Maybe you are. But you certainly were dismissive and disparaging of even the suggestion that there might be any difference between food sources for McDonalds and a grocery store or restaurant. Grocery stores source things locally/regionally all the time, as do many restaurants. So there often is a difference between the two. Sure, you can get a McDonalds-grade tomato at the grocery store, but you also can usually find better options as well.

Yep. In fact, that’s a big part of why iceberg lettuce was developed; to retain freshness and crispness during shipping.

Yes, that is why I said average grocery store. SOME stores provide locally grown all year round but the prices tend to be premium. Those greenhouse tomatoes your local grocery is offering also cost more.

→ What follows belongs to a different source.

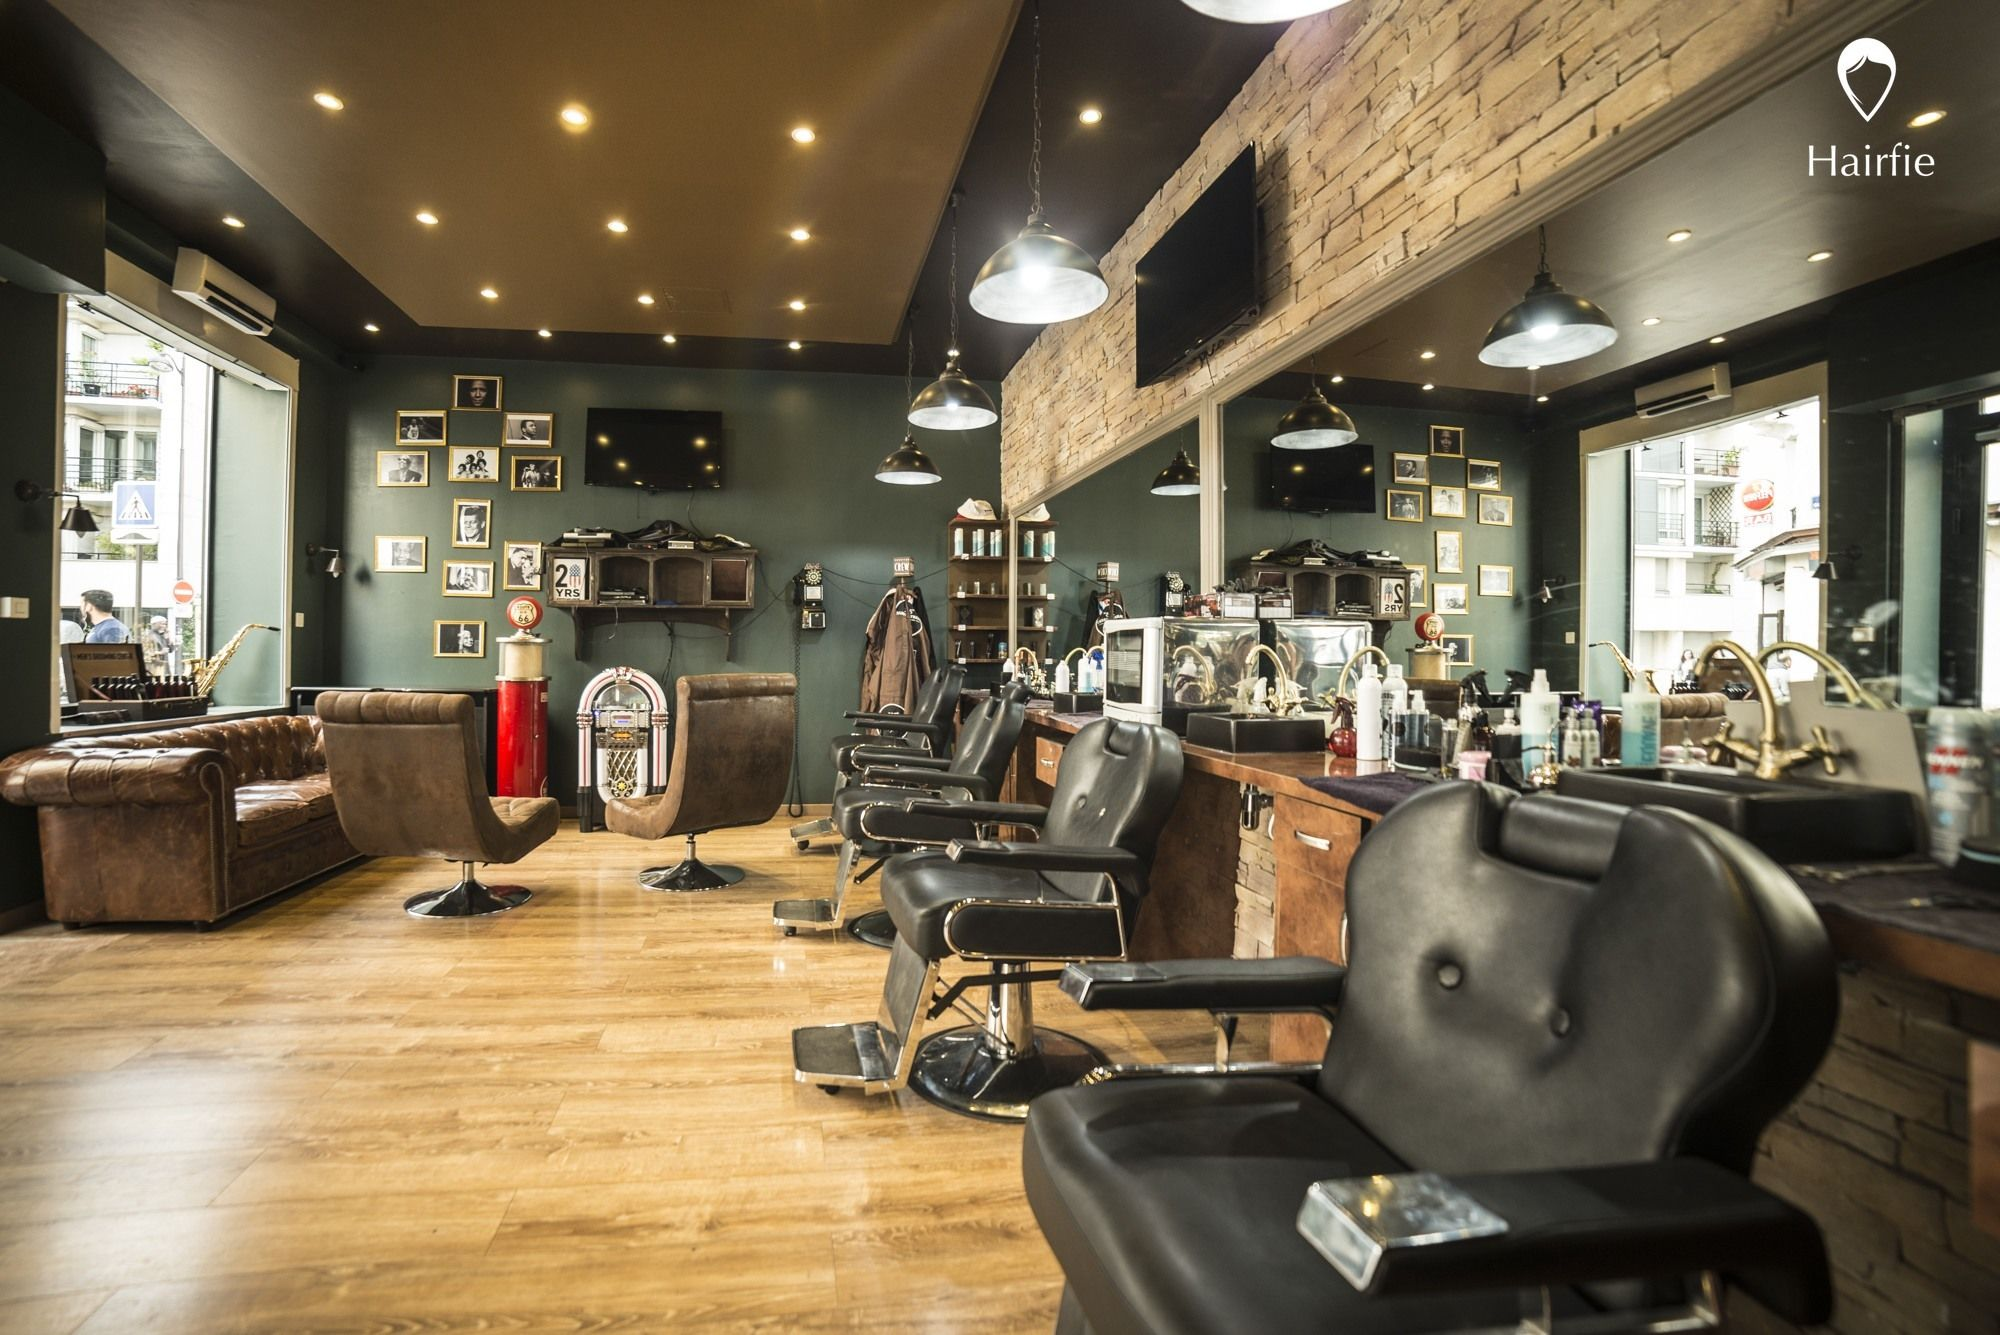 deco vintage salon de coiffure. Black Bedroom Furniture Sets. Home Design Ideas
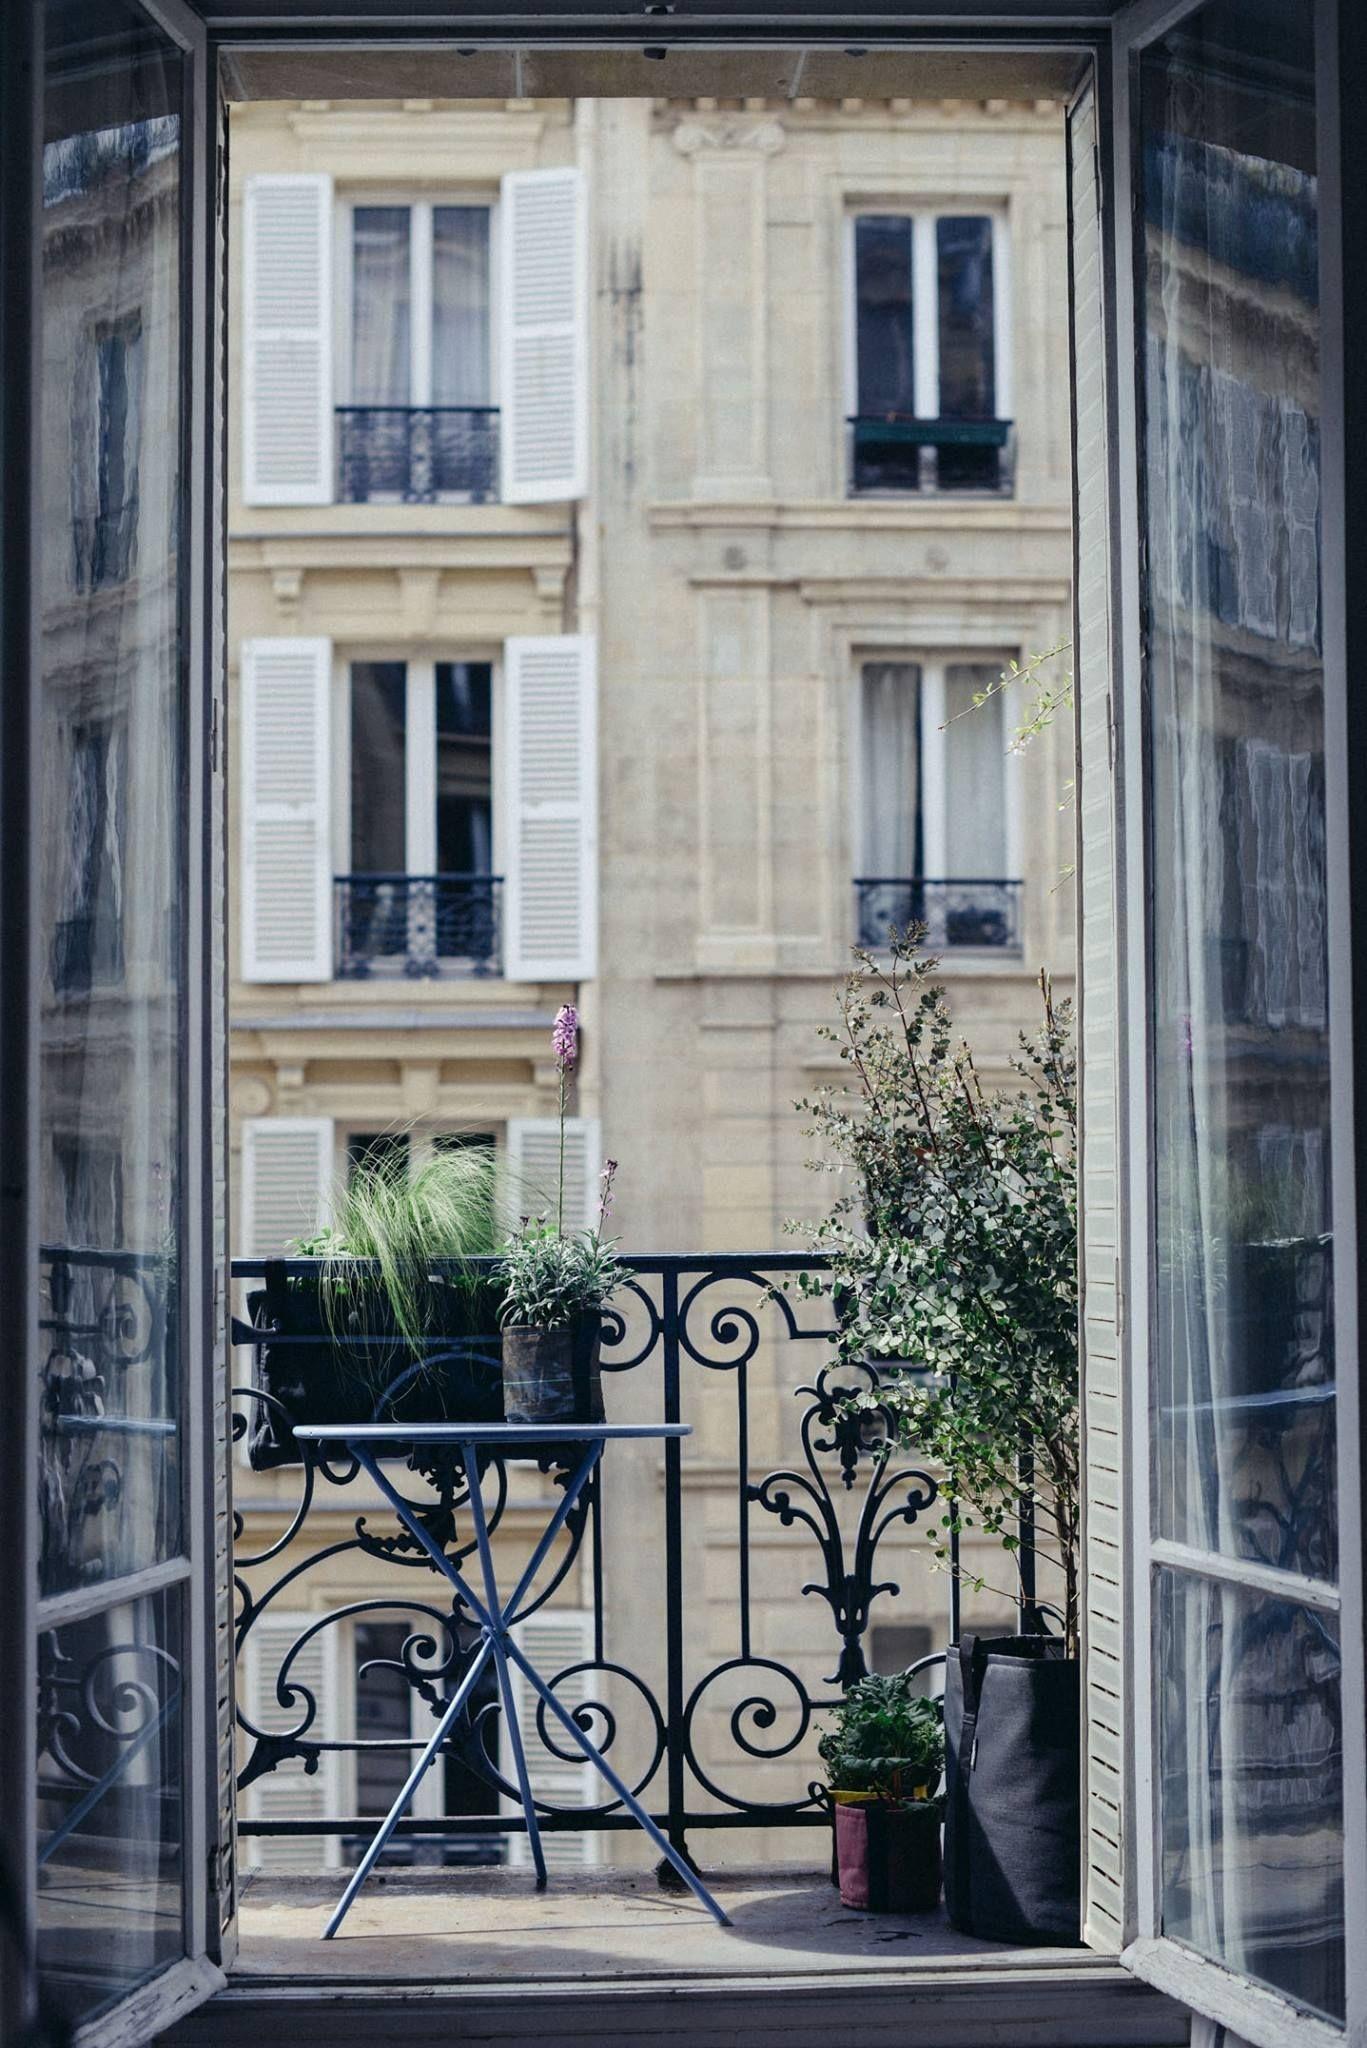 Pariser Balkon

If you live someplace like I do, where Aldi’s is a major grocery chain, it is unlikely they’ll be offered because the locals don’t have a lot of disposable income to pay premium prices.

Did you blast past the part where I said my local grocery stores - not just Aldi’s but our other chains which are a bit more upscale - post where their produce comes from? And not just on occasion, they always have that information available. You can’t get local-grown tomatoes in my area out of the local season. Unlike your location in Maine, no one here is growing them in greenhouses year round. I question your assumption that your local supply chains are typical of the rest of the country.

And nice moving the goalposts - we were discussing grocery tomatoes, not those offered in restaurants which may or may not have the same sources as the fast food chains.

Yes. The tomato plant grows for it’s own needs, and thus if the soil etc is lacking in certain minerals, the plant itself will be stunted, etc.

No doubt, a locally grown tomato is hwaaaay tastier than those “picked green then artifically ripened marvels”. But the nutrition is the same.

Of course, factory grown food has pesticides, etc. They are likely not dangerous.

Can you substantiate this with a cite, since others have effectively contradicted it?